- WORK TASK -
Images are not part of the copy; transcribe all the data exactly.

- THE DATA -
⟨

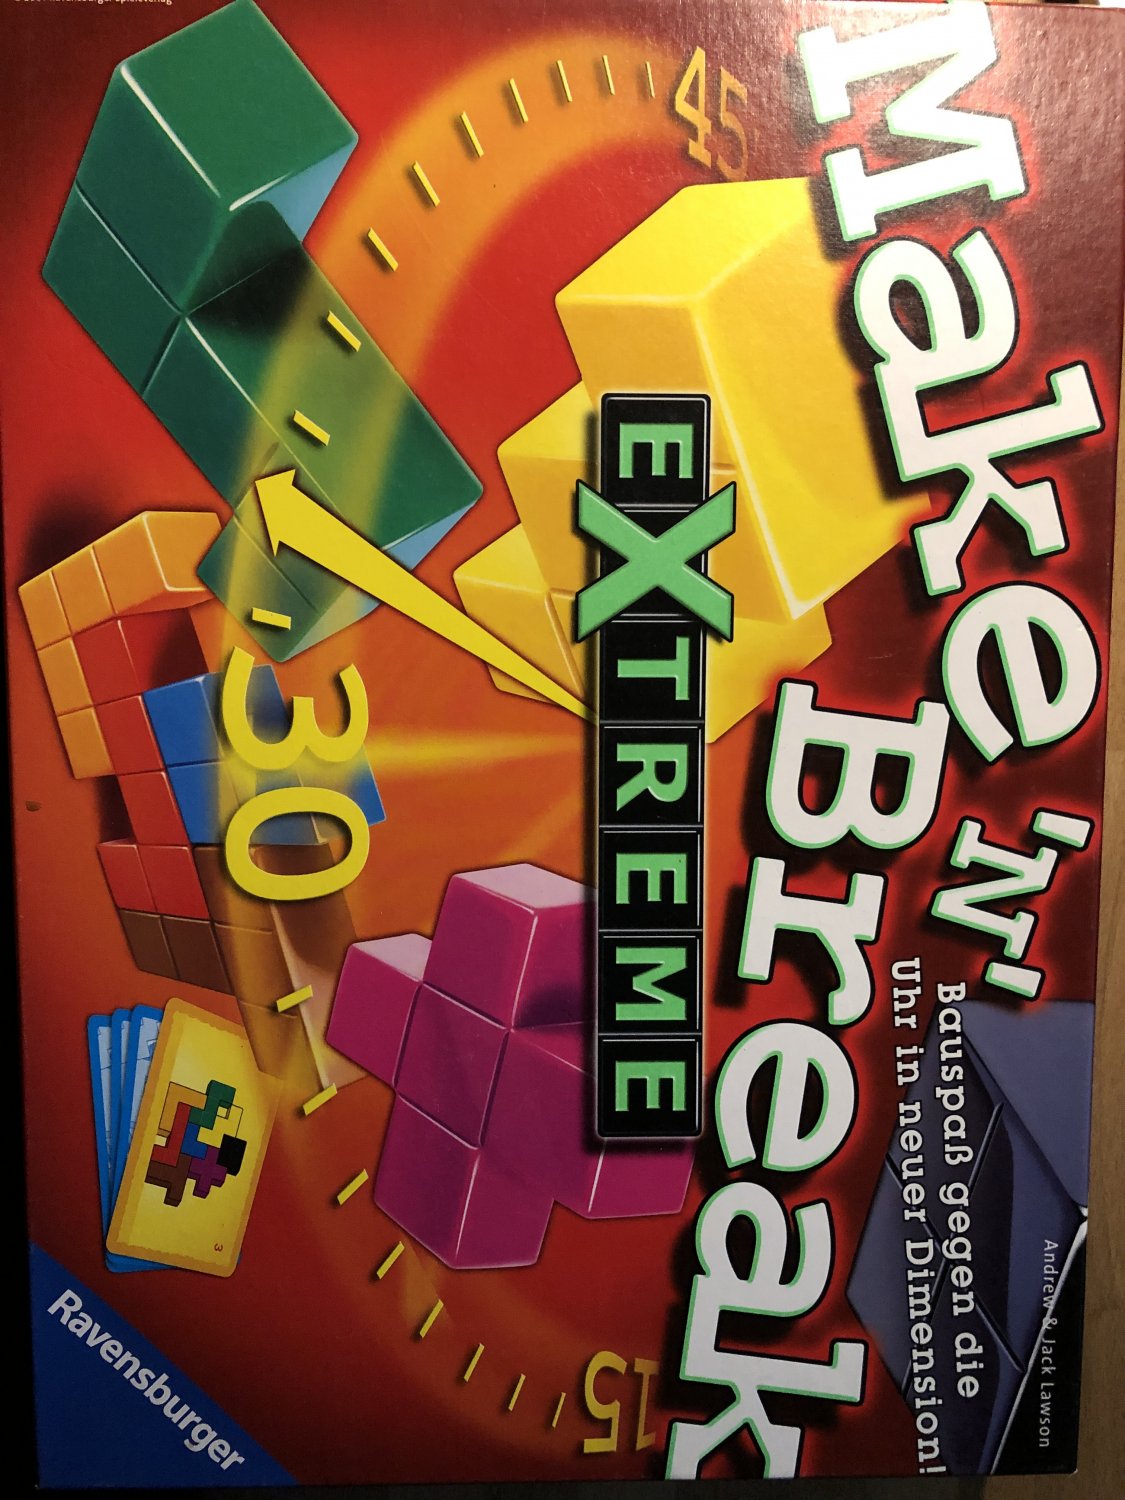 Ravensburger 26432 - Make 'n' Break Extreme “ (Andrew & Jack Lawson) – Spiel  gebraucht kaufen – A02nlGEX41ZZE
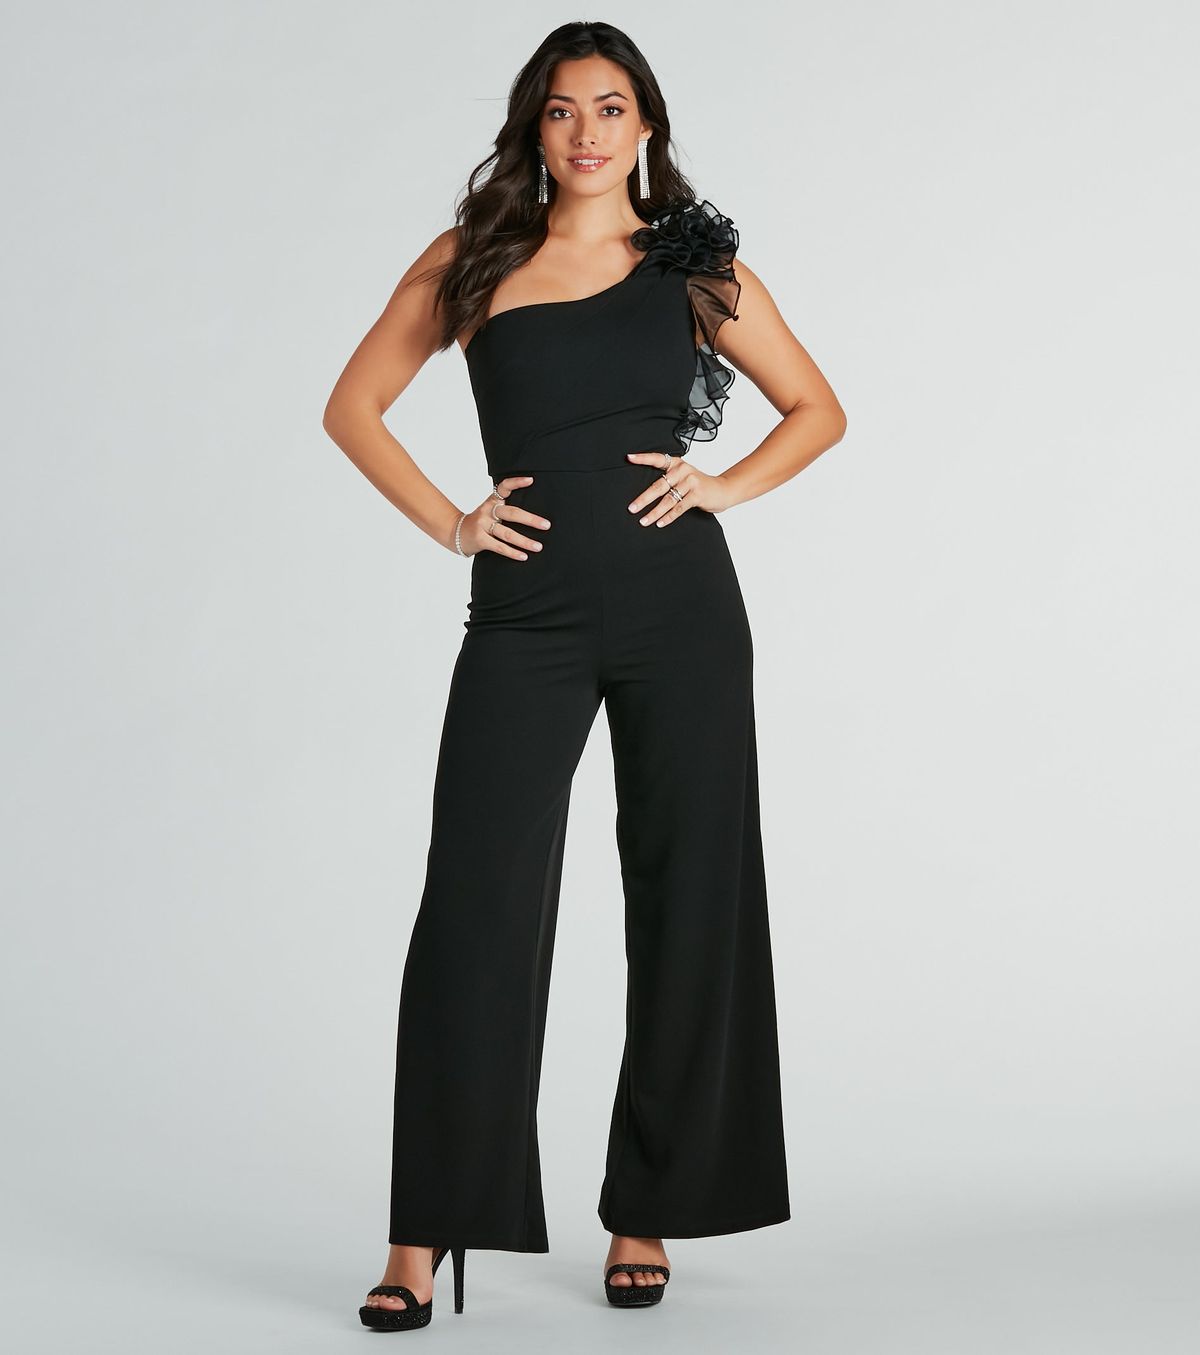 Style 06502-2413 Windsor Size S One Shoulder Black Formal Jumpsuit on Queenly
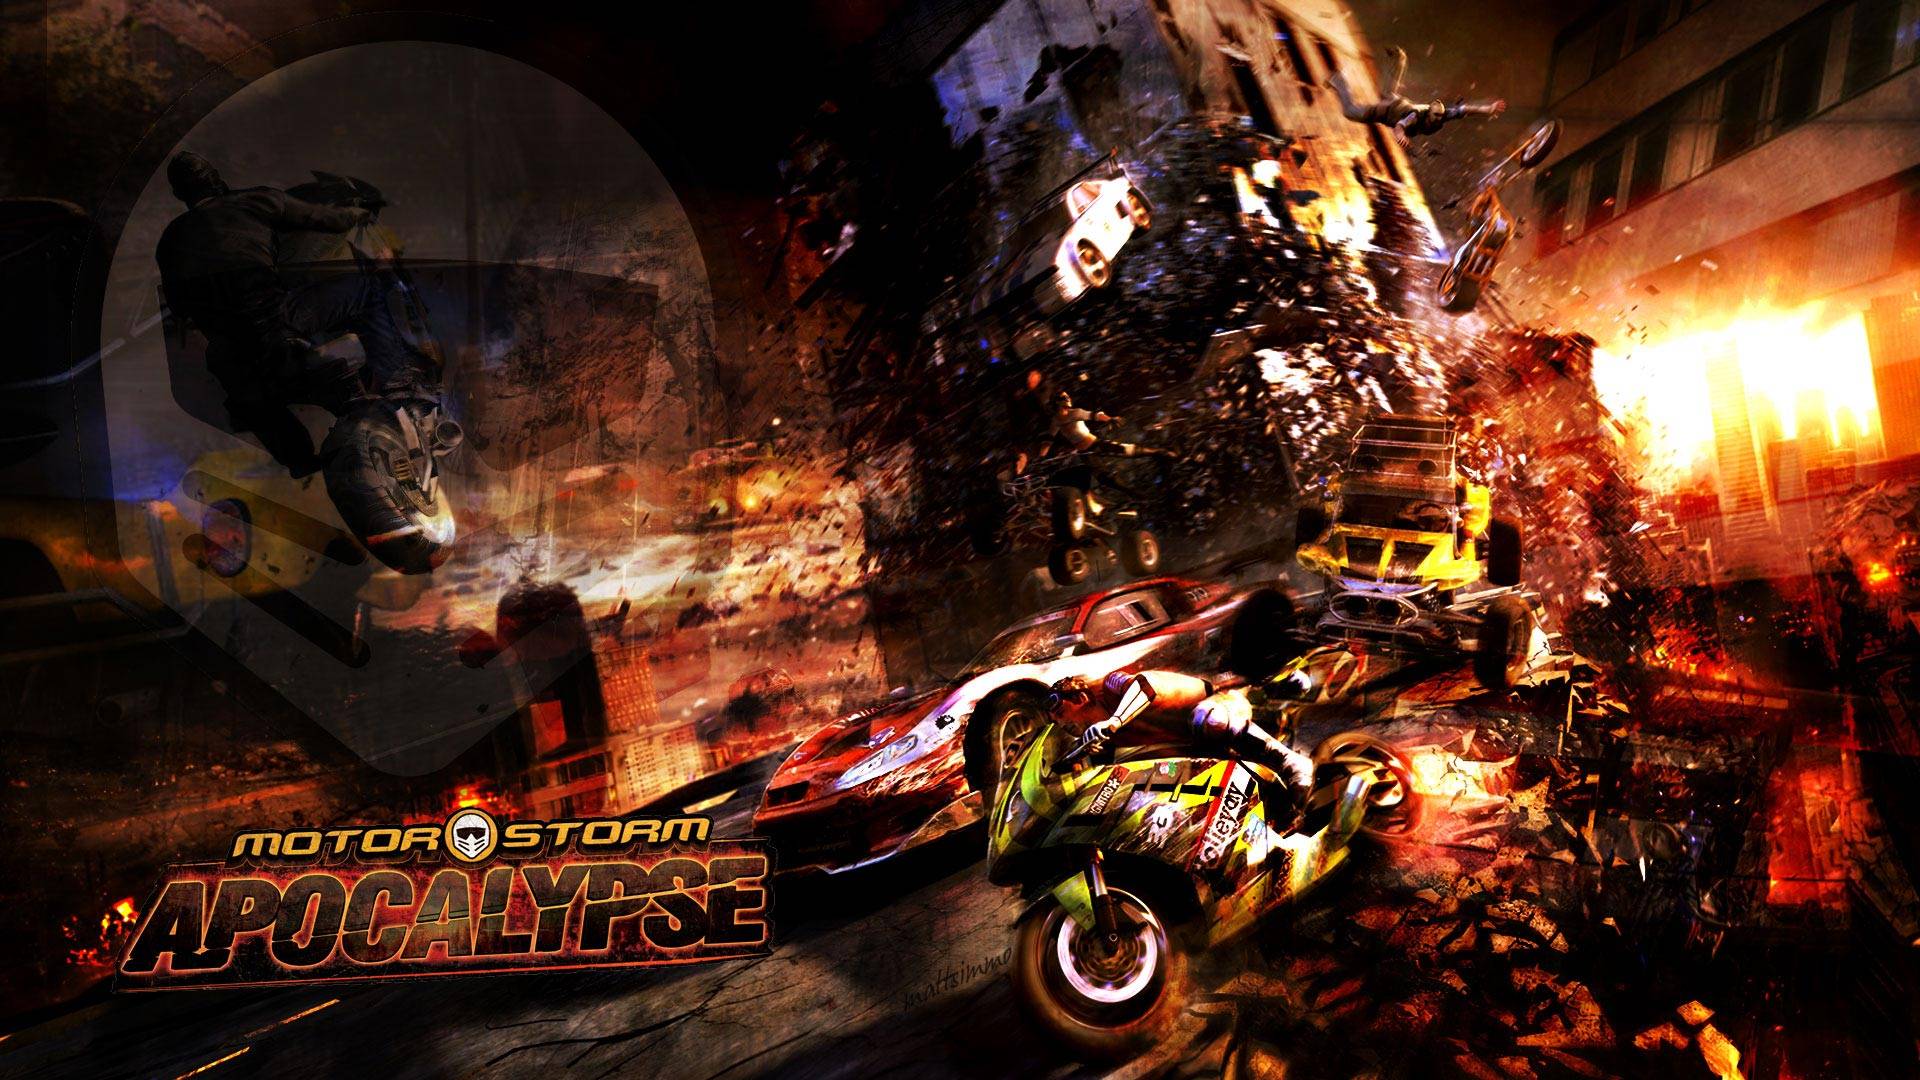 Motorstorm Apocalypse Wallpaper in full 1080P HD « GamingBolt.com

⟩

- REPLY -
 Ravensburger 26432 - Make 'n' Break Extreme “ (Andrew & Jack Lawson) – Spiel  gebraucht kaufen – A02nlGEX41ZZE
 Style 06502-2413 Windsor Size S One Shoulder Black Formal Jumpsuit on Queenly
 Motorstorm Apocalypse Wallpaper in full 1080P HD « GamingBolt.com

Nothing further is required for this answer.